Project Euler, Problems 7 and 41

I put together a simple program in C++ that checks out whether or not a number is prime, i.e., whether or not it has any factors besides itself and 1. It was eventually writing a separate thing for this that helped me out, as despite what I'd learned in the past I was trying to make one program to do everything that was needed for the actual problem. Bad idea. Things are so much simpler if you break things up into their component parts...

Problem 7
Find the 10001st prime number. Once I had the program for checking whether or not a number is prime this was quite straightforward. I started off with knowing that 2 is the 1st prime number, and then working through all of the odd numbers after that and adding one to the tally every time that I found one.

Problem 41
What is the largest n-digit pandigital prime that exists? This was a little trickier, but not much more. It just took a bit of thinking. Firstly, what is a pandigital number? Well, a 5-digit pandigital number is, for example, 34251, a number which contains the first five digits once and once only. A 4-digit pandigital would be 4123 or 1234 or 3142, and so on. After a little thought, it occured to me that there cannot be 8- or 9-digit pandigital primes (if you're reading this Matt, do you know how/why that occurred to me?) and that the largest possible would be a 7-digit pandigital number, i.e., one that contained all the digits from one to seven.

It was then straightforward to think that it was most sensible to start searching from the extreme end of the numbers, 7654321, and to put conditions on the numbers; one only wants to check without 8, 9 or 0 in, one doesn't want duplicates of digits... Once I'd written those conditions in to the program, it was fine.

This takes my total of problems solved to nine. Sixteen to go. Might get one more done this weekend. It's good to keep thinking, and it also gives me a chance to keep learning bits and pieces of C++.

Keep learning people, it's the thing to do!

3 comments:

Unknown said...

Given a 9-digit pandigital number, the digits add to 45, meaning the number is divisible by 9; thus, the number cannot be prime. That one's easy.

It's not immediately obvious to me why there are no 8-digit pandigital primes. Certainly, if the last digit is even, 3, or 5, the number won't be prime. But when the number's last digit is 1 or 7... those cases will require a little more thought (although, perhaps I'm making this harder than it needs to be...I feel like I'm missing something obvious)

Also, I forgot I now have an actual username I could use when I post.

NathanRyder said...

Ah... For similar reasons to 9-digit pandigitals: digits will sum to 36, also divisible by 9!
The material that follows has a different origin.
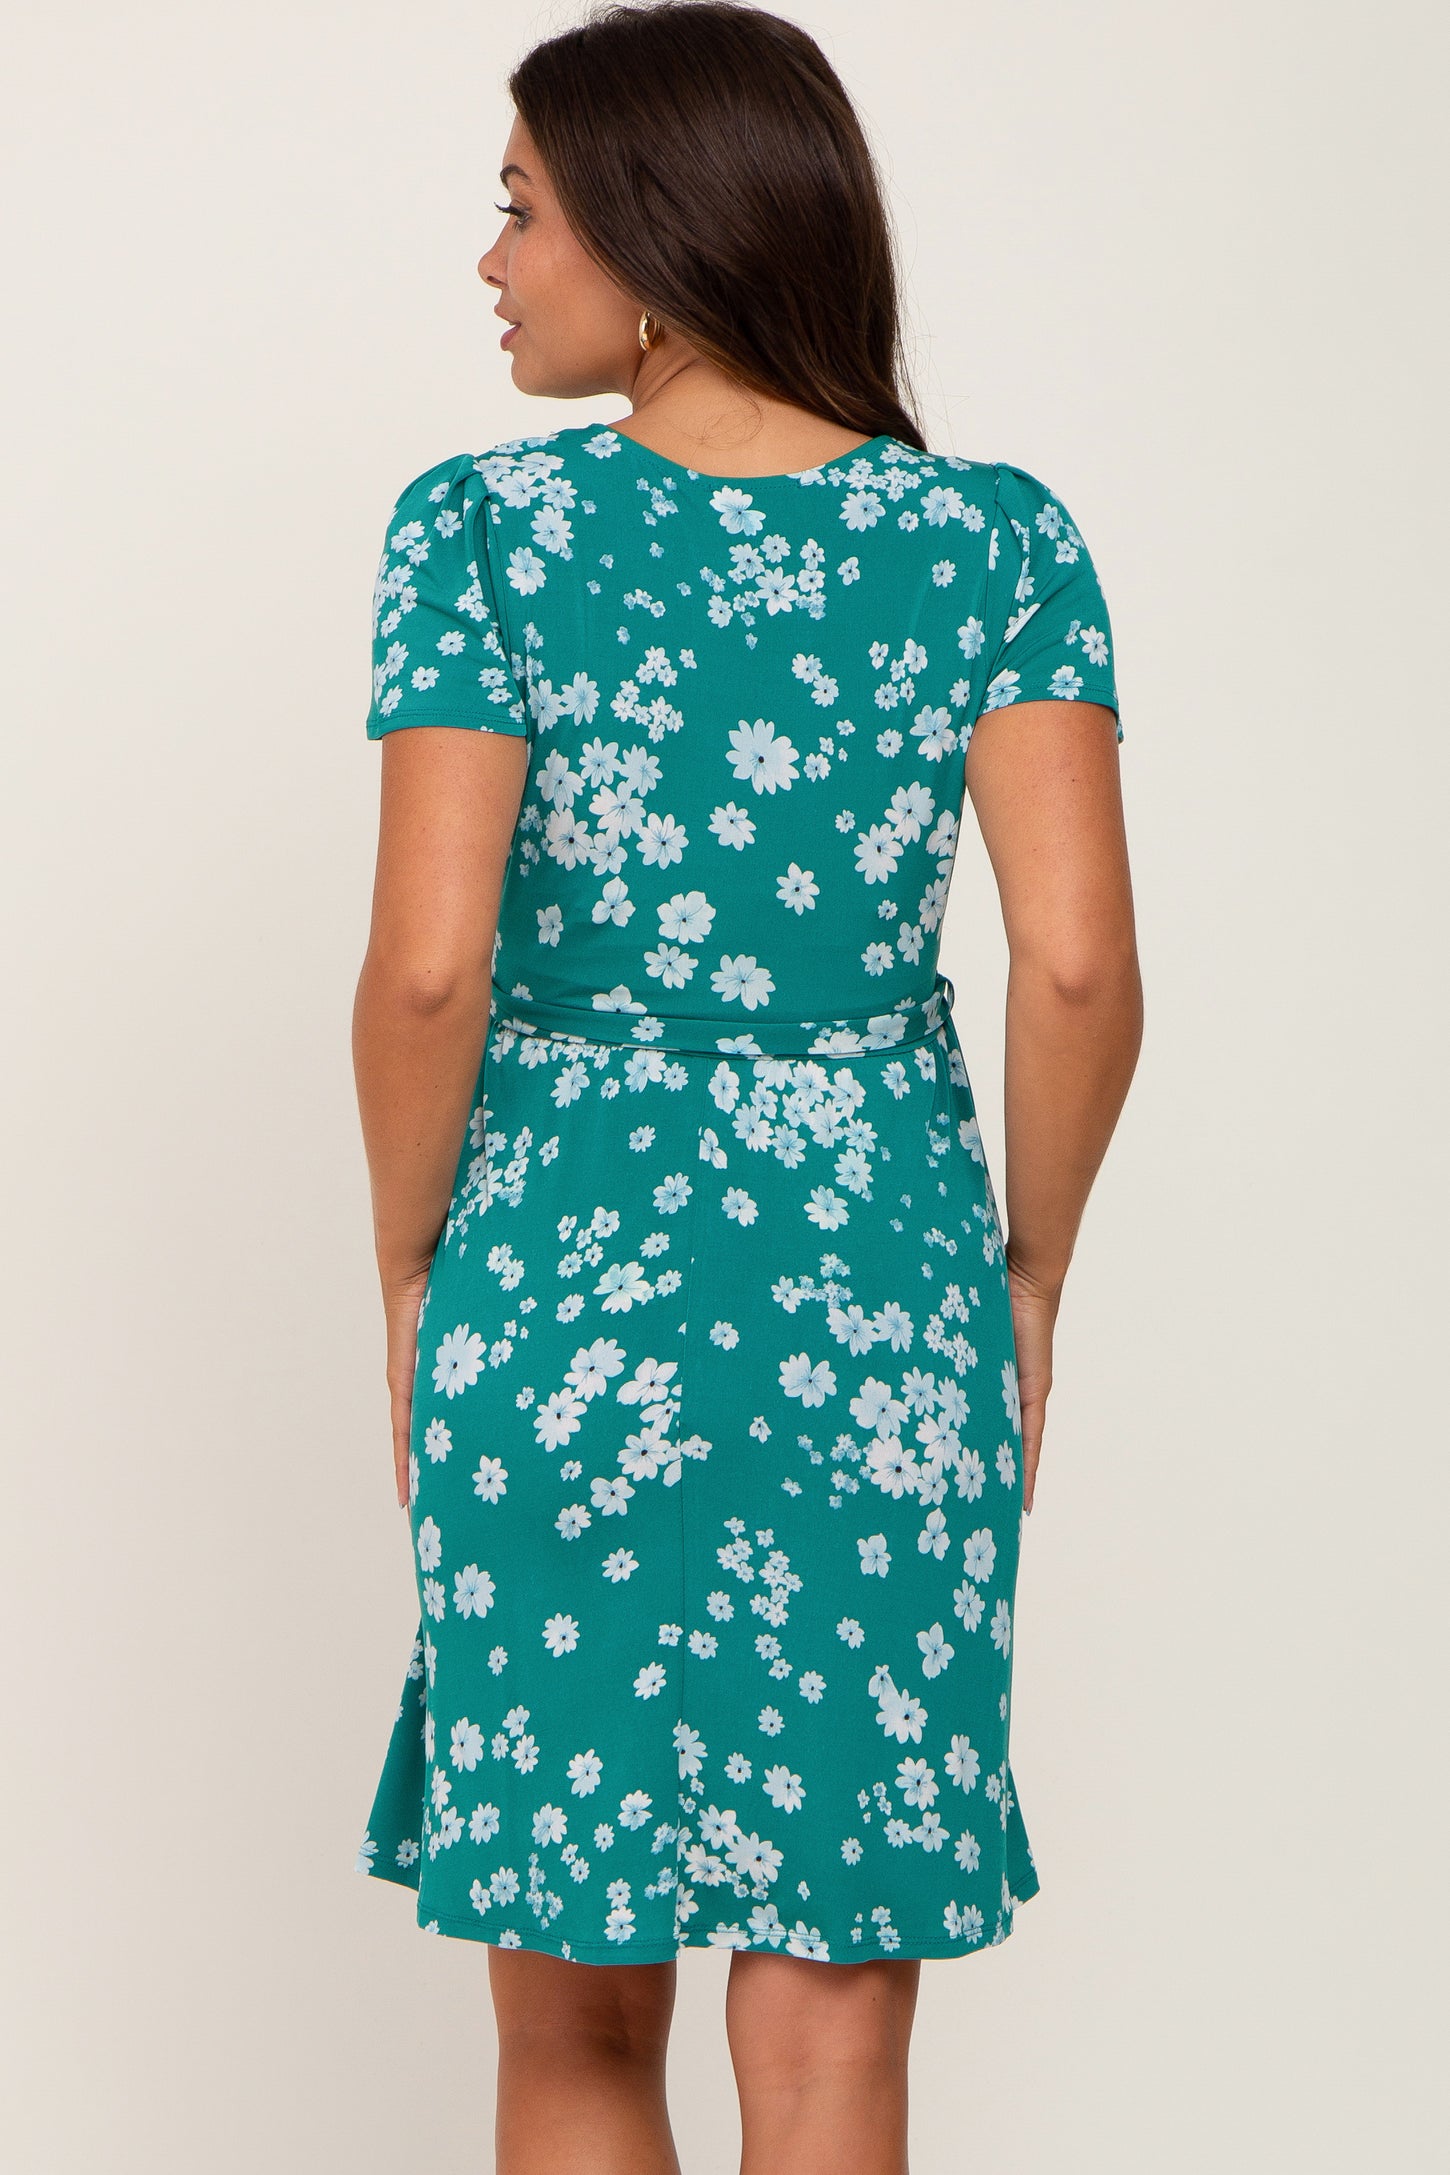 Jade Floral Waist Tie Maternity Wrap Dress

In fact, I eliminated 5- and 6-digit pandigitals because they add to multiples of 3, and I believe (though not sure I have ever proved for myself or seen a proof) that if the digits sum to a multiple of 3 then the number is a multiple of 3... I don't think that I'm making it up, fairly certain it is a true result! :)

Unknown said...

Hahahahaha


When I was considering the 8-digit pandigital number, I took 45 and accidentally subtracted 8 instead of 9...... oops!